Gibbons, 2010; Halverson, 2010; Lindstrand, 2006; Öhman-Gullberg, 2009). The possibility of expressing subjective attitudes is an important issue, but as Kress and van Leeuwen (2006) stress, the subjectivity does not necessarily exist in the sense of individual or unique attitudes, but often socially determined attitudes and values.

The students’ choice of theme and motif for their digital video is their collective standpoint in a matter, but that matter is at the time being a topical interest on a societal level. Thus, the students’ choice of motif

reflects socially contested attitudes and values.

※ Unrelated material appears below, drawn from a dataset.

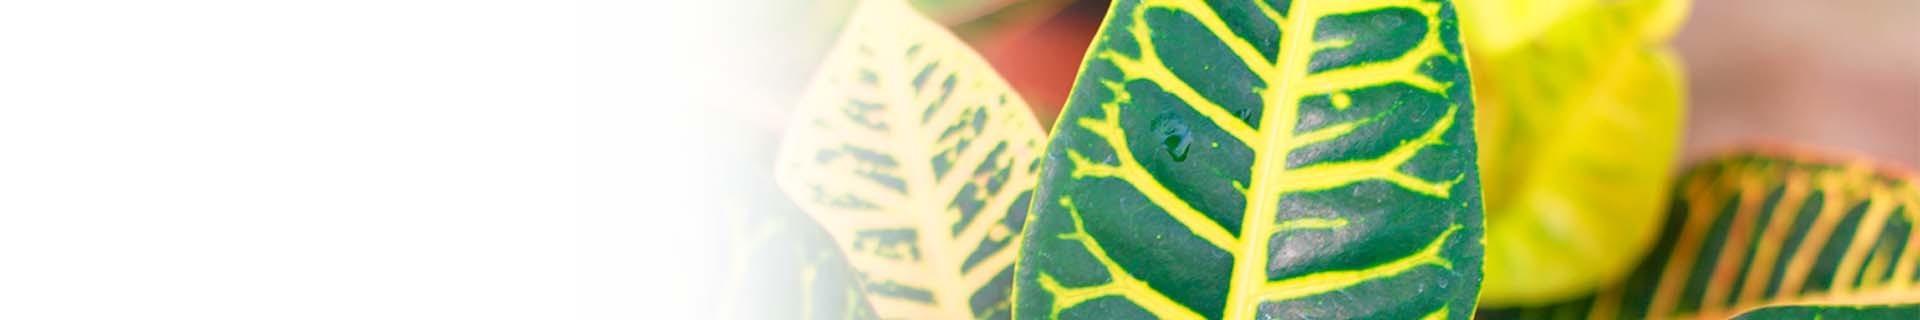 Auswahl an Herbstpflanzen und dekorativen Töpfen für zu Hause.

The students’ thematic interpretation of the poem as being about showing one’s true self and performed as a storyline about a homosexual revealing her sexual orientation, suggests a more societal ideology of how sexual identity is viewed and implies that a larger discourse is at play and in need for consideration.

The collaborative work of filming a poem, with all the different phases it involves, is itself an act of literary interpretation. The students went beyond literal meanings and co-constructed and negotiated the poem – and their digital video – as complex texts. The students negotiated imagery found in the poem and constructed their own symbols by sketching and drawing; they interpreted the poem in terms of intended and unintended decisions about use of sound, acting of the represented participants and linking of voice-over with image sequencing, and they showed awareness of how resources such as sequencing, framing, colour, angle, transitions, and sound affected the meaning. The interpretive acts became a continuous negotiation and follows similar findings from previous studies that shows how digital videos go beyond illustration and move towards close reading and interpretation of new meaning (see e.g. Schwartz, 2009; Jocius, 2013).

Previous studies show how a multimodal approach to literature instruction increase students’ agency to support them in interpreting literary works and addressing social issues (see e.g. Ajayi, 2015;

Smagorinsky & O’Donnell, 1998). With reference to this study, the students’ social agency was clearly noticeable both in the digital videomaking process as well as in the final digital video itself and is an example on how a video poetry project can acknowledge and encourage students’ social agency. Besides serving as means in positioning themselves, the findings also indicate negotiations as a means in becoming and being human, or as Gibbons (2010, p. 12) notes: “(t)he youths’ modal choices in their video often reveal as much about their own sense of themselves as youth as they do about them as youth filmmakers”.

Turning to dictionaries, agency is described as “action or intervention producing a particular effect; a thing or person that acts to produce a particular result: action or intervention producing a particular effect”36 and is described with synonyms as action, activity, effect, influence, force, and power. Following the theoretical framework of social semiotic theory, social agency refers to the connection between meaning-making and the social interest of the individual (Kress &

Jewitt, 2003; Jewitt, 2009b). Agency could be defined as a “willingness to act”, as individuals recognise, resist, or change the values, ideologies, or discourses they are a part of and in accordance to their own interest and semiotic resources available. According to the dictionary, agency derives from agent and “doing”, emphasising the active role of individuals, coinciding with a performative approach to meaning-making.